Dear Healthy professor: Do peoples’ diets change with the seasons?

A: Years ago, they definitely did, because seasonal foods were all that were available. Today, however, it’s different because we can purchase almost any food all year long. Of course, the quality may not be optimal, especially when it comes to fruits and vegetables.

In our efforts to “buy local,” many of us are returning to eating what’s in season, and that’s a good thing.

As the weather changes, we tend to look for foods based on the temperature outside. For example, salads may be a menu staple in the summer months but not as much as when the weather starts to turn colder.

This is the season for comfort food. Personally, I am a salad-lover, but the chill in the air has me craving something warmer. What could be just as satisfying as my summer salad and calorie-conscious too?

Soup may be the answer. Before you go all New England Clam Chowder on me, remember that adding cream, butter or cheese to a soup is going to put it into a different category, and that’s not the kind of soup I’m talking about.

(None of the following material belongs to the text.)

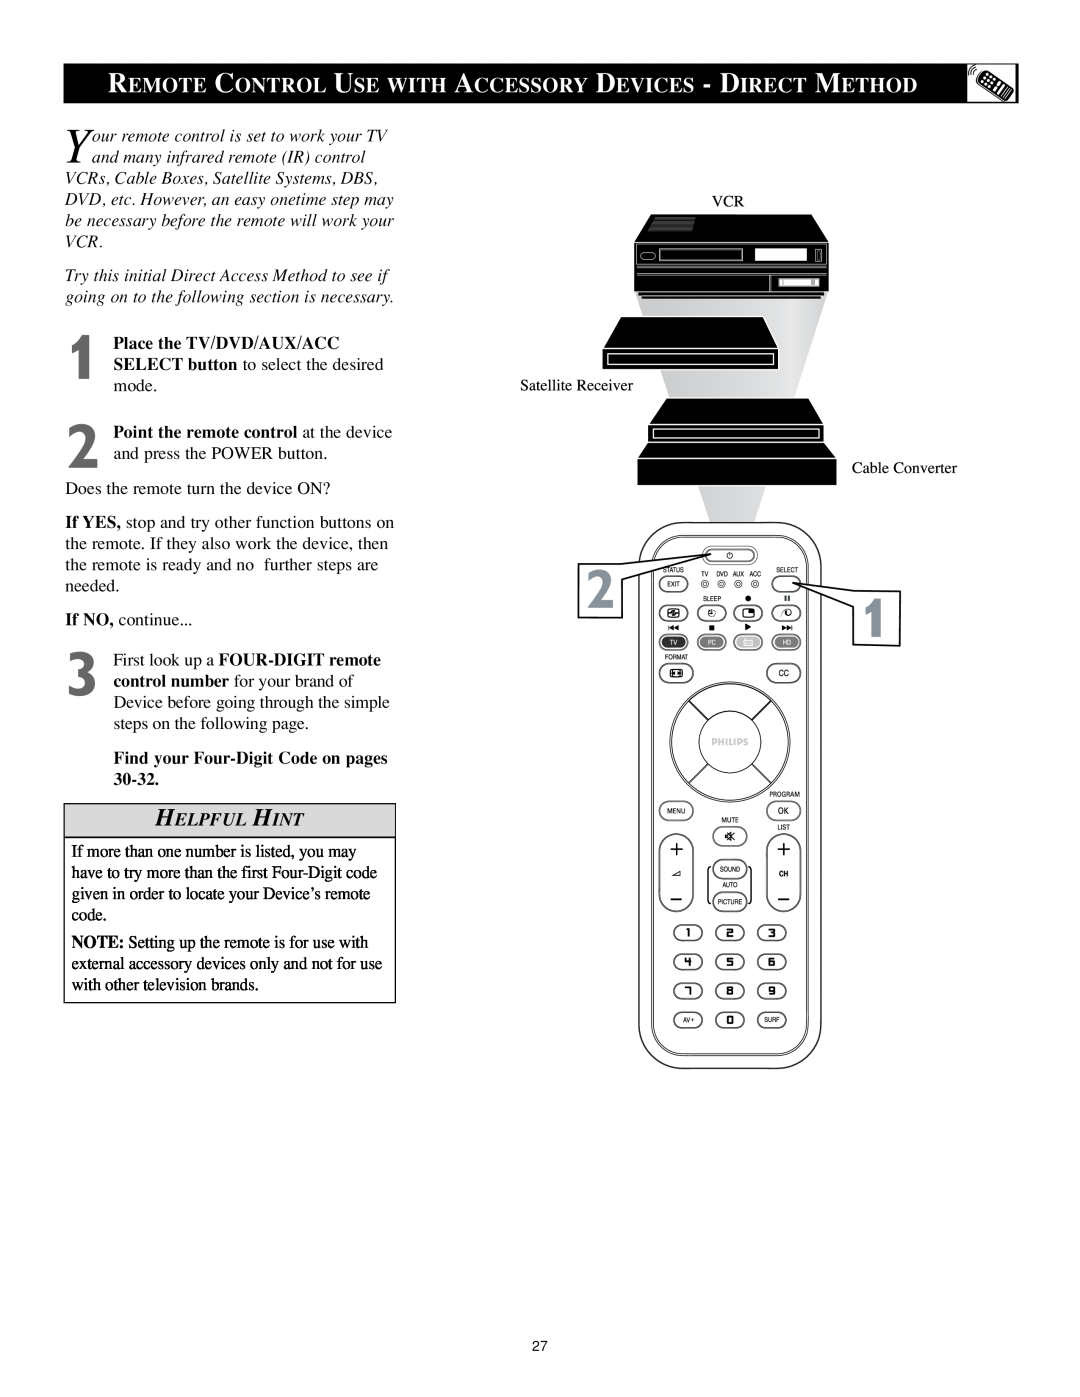 Philips 17PF9946/37 user manual Helpful Hint, Place the TV/DVD/AUX/ACC, Find your Four-DigitCode on pages

I am talking about low-calorie, high-fiber, broth-based soups with lots of vegetables and protein from beans or lean meats. A generous bowl of soup as a meal can satisfy the appetite and is a good alternative to the usual grilled chicken on salad kind of meal.

A hearty soup can be a meal in itself, but it’s also a good strategy to have a cup of soup before a meal. Research by Barbara Rolls, PhD., has shown that a vegetable soup eaten before a meal can reduce the amount of calories consumed in the main meal, resulting in overall calorie reduction.

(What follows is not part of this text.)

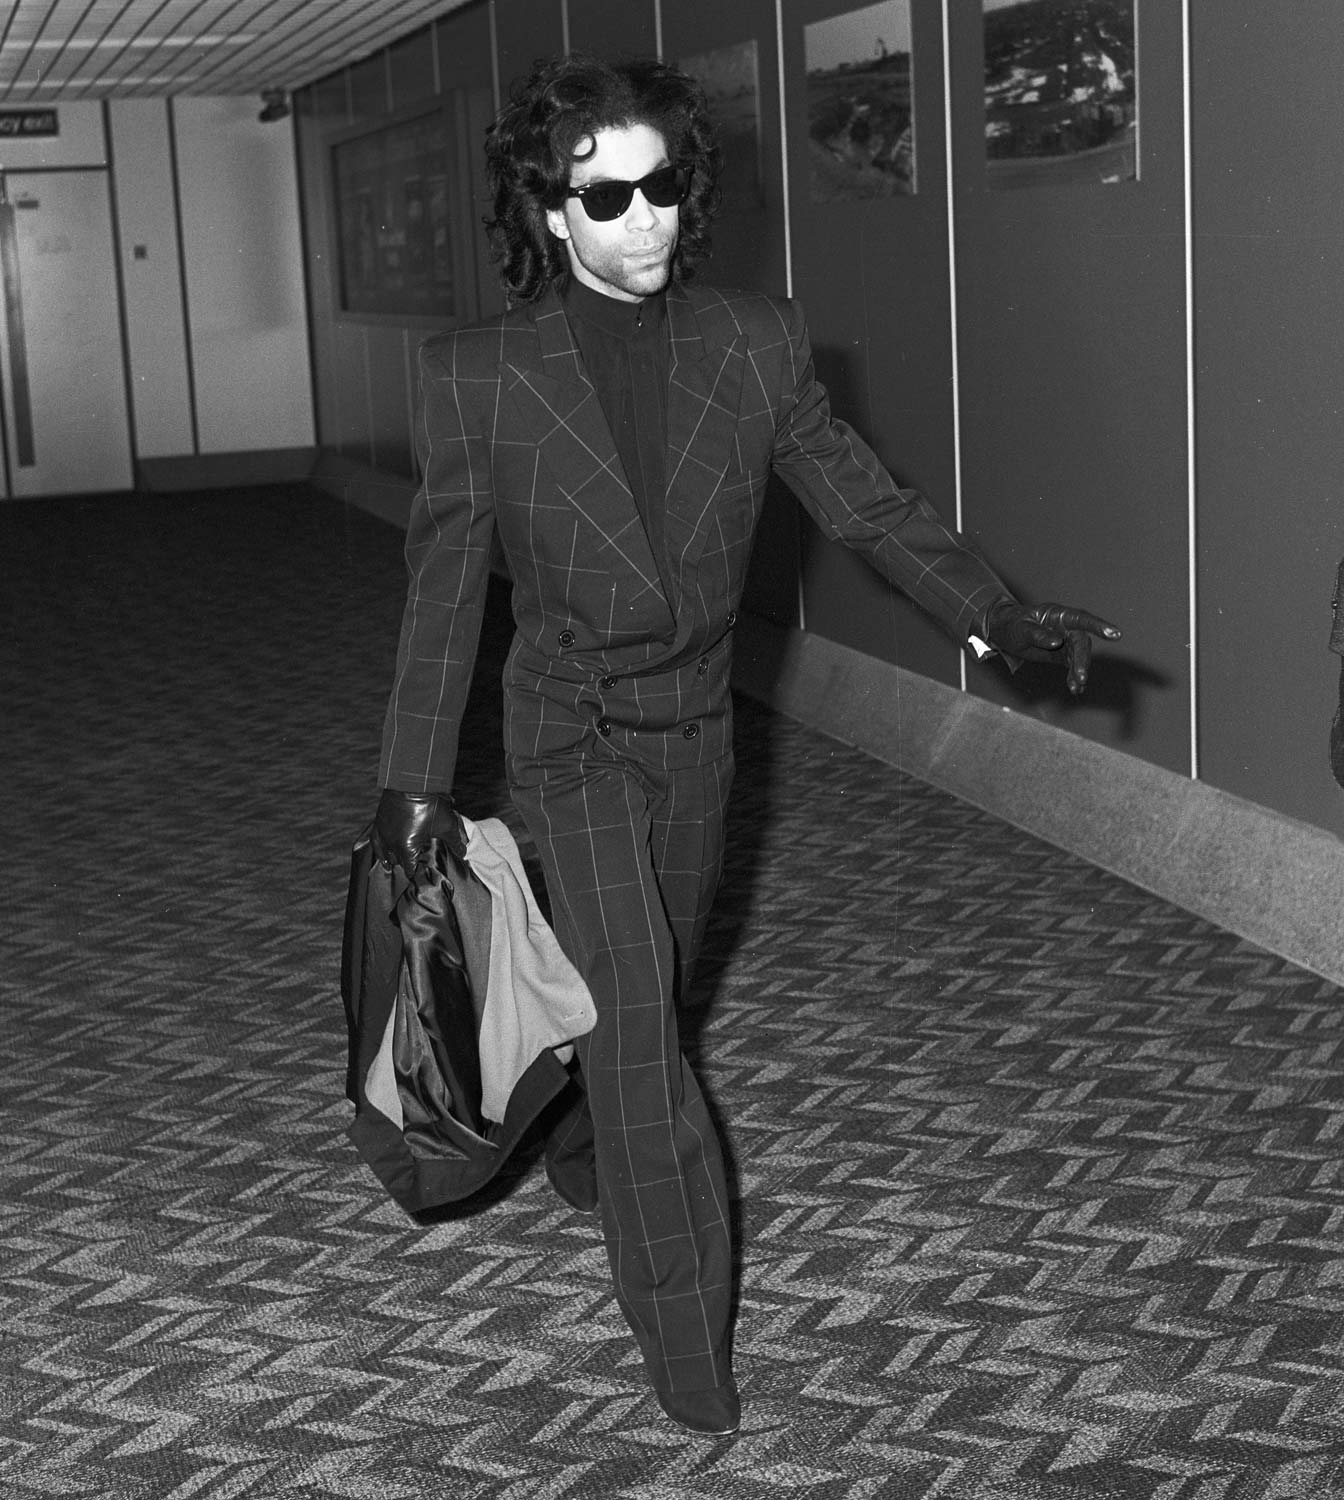 Prince arriving at Heathrow airport in London, 1989

Her work has contributed to her “volumetrics” eating plan, which focuses on eating foods that are low in energy density. Energy density is a measure of the number of calories in a certain amount of food. The idea is that we can eat more of low energy foods, feel full and still lose weight.

Think about the fact that a serving of minestrone soup could be more filling and possibly fewer calories than just half of a burrito. The balance of weight control comes down to feeling satisfied, and Rolls shows us how to eat more with fewer calories in her book, “The Volumetrics Eating Plan” (Harper Collins, 2005).

Now may be a good time to make soups your “winter salad. ” There are many good canned soups available that have reduced sodium levels. Read the labels and remember that the sodium recommendation for most adults is 1500 mg/day.

I eat the canned stuff, but honestly, homemade soup is best, because I can control the ingredients and the salt with low-sodium broth. Soup is also convenient, because you can prepare a batch or two and freeze individual portions.

There are some great recipes available in healthy cooking books or you can get creative and make up your own concoctions. Low-calorie, filling and nutritious soups can help you stay healthy during the winter season; it’s a long one, so make a lot of soup.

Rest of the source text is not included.